Integration Improvements

  • Exposed new metadata fields in TEI-XML exports
  • Single sign on issuer is recorded for existing accounts

Bug fixes

  • Fixed bad "Questions and Notes" message on transcription screen
  • Works within document sets are now in the same order as they appear in collections
  • Activity emails sent to project owners now show details of activity.
  • Project owners can now upload individual page images when creating new pages or editing old ones.
  • New single-sign-on users whose logins conflict with existing users no longer see errors.
  • Hyphens on a line that do not immediately follow a word are no longer interpreted as soft-breaks.
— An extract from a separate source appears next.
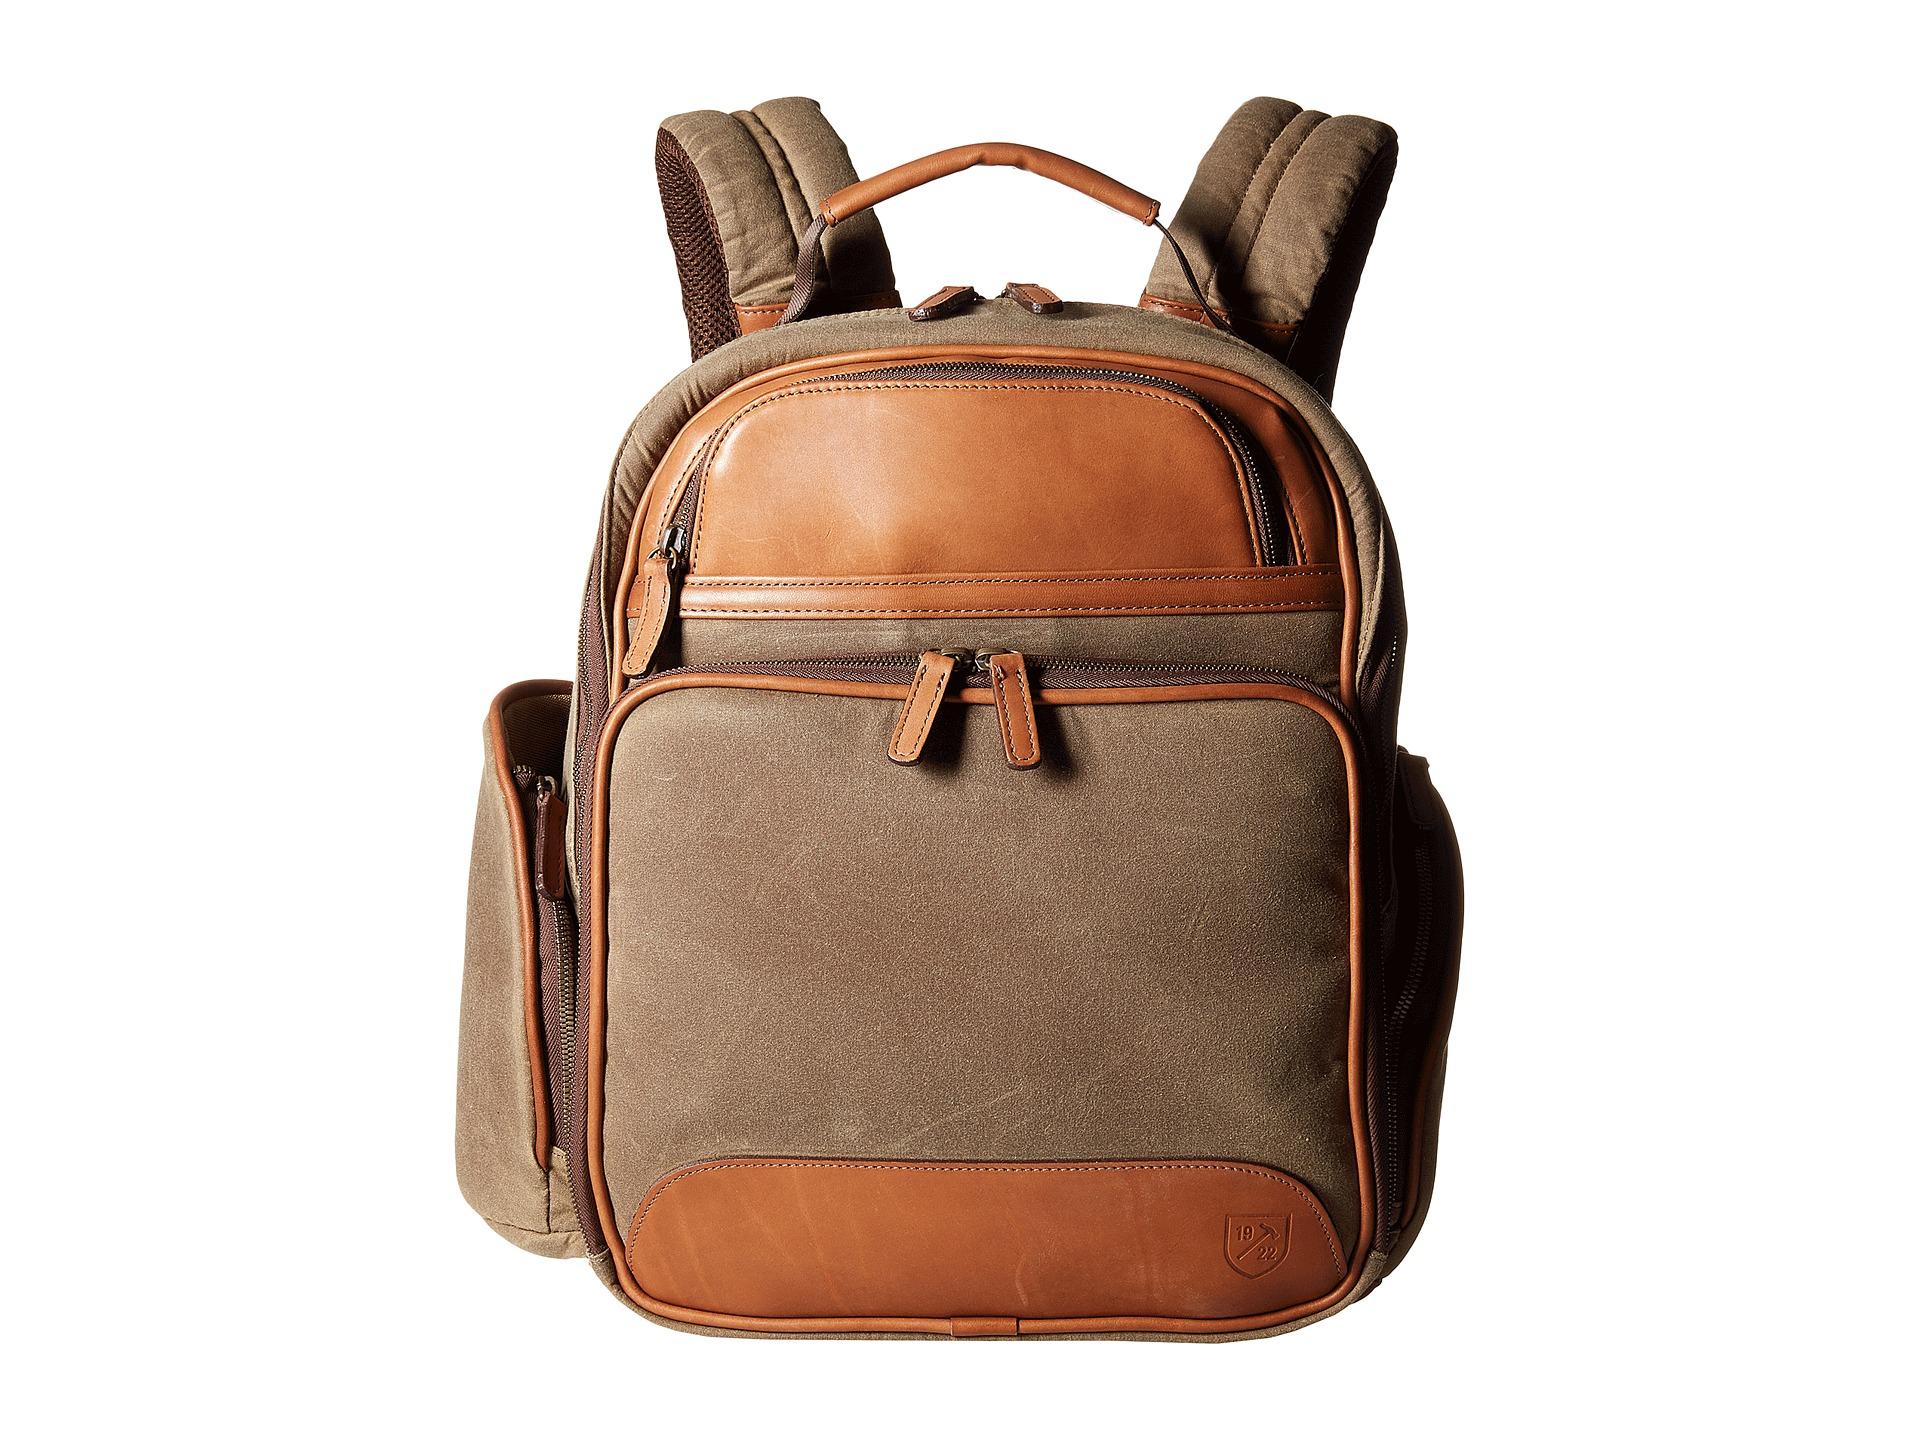 f293f57181 Lyst - Allen Edmonds Canvas leather Backpack in Brown for Men

Serviceability Improvements

  • Log directories for CONTENTdm imports are now created if not already present.

The team is grateful to the National Endowment for the Humanities and University of Texas-Austin Libraries for funding and guidance, and to Diego Viola for development of the metadata and faceted browsing features. The team is also grateful to the National Historic Records and Publications Commission and to the Civil War Governors of Kentucky Digital Documentary Edition for support for newly editable and exportable metadata fields.

October 2020 Release

31 Oct 15:01
Compare
Choose a tag to compare

Major release v20.10 includes better support for document sets, including API access, bulk assignment during imports, and a more efficient interface for moving works between sets. It also includes support for multiple single-sign-on providers in the same installation, and substantial improvements to the IIIF APIs and TEI-XML export.

User Enhancements

  • Text created by project owners will no longer be flagged as potential spam
  • Searching for works within a collection or document set now searches metadata as well as work titles
  • Project owners may upload or import works to a particular document set within a collection
  • Work assignment to document sets now contains a work search bar, allowing easier management of works between document sets

Integration Improvements

  • Multiple SAML identity providers are now supported on one installation. Sponsored by the Church History Library
  • TEI export now includes geo elements for subjects containing latitude/longitude outside of the "placeography" in the TEI header
  • New IIIF top-level collection per user account
  • Contributions API now accepts a user slug, extending support to uploaded documents as well as those imported from IIIF content providers.
  • Document Sets are now exposed through the IIIF API

Bug fixes

  • Top-level IIIF collection no longer returns 404
  • Line breaks in searchable plaintext export are now replaced with a single space
  • Notes display "n days ago"
  • Work search within document sets returned documents within different collection
  • When subjects have been created from verbatim text including parentheses or braces, autolink no longer breaks
  • Eliminated document set/collection confusion for the "joined project" deed.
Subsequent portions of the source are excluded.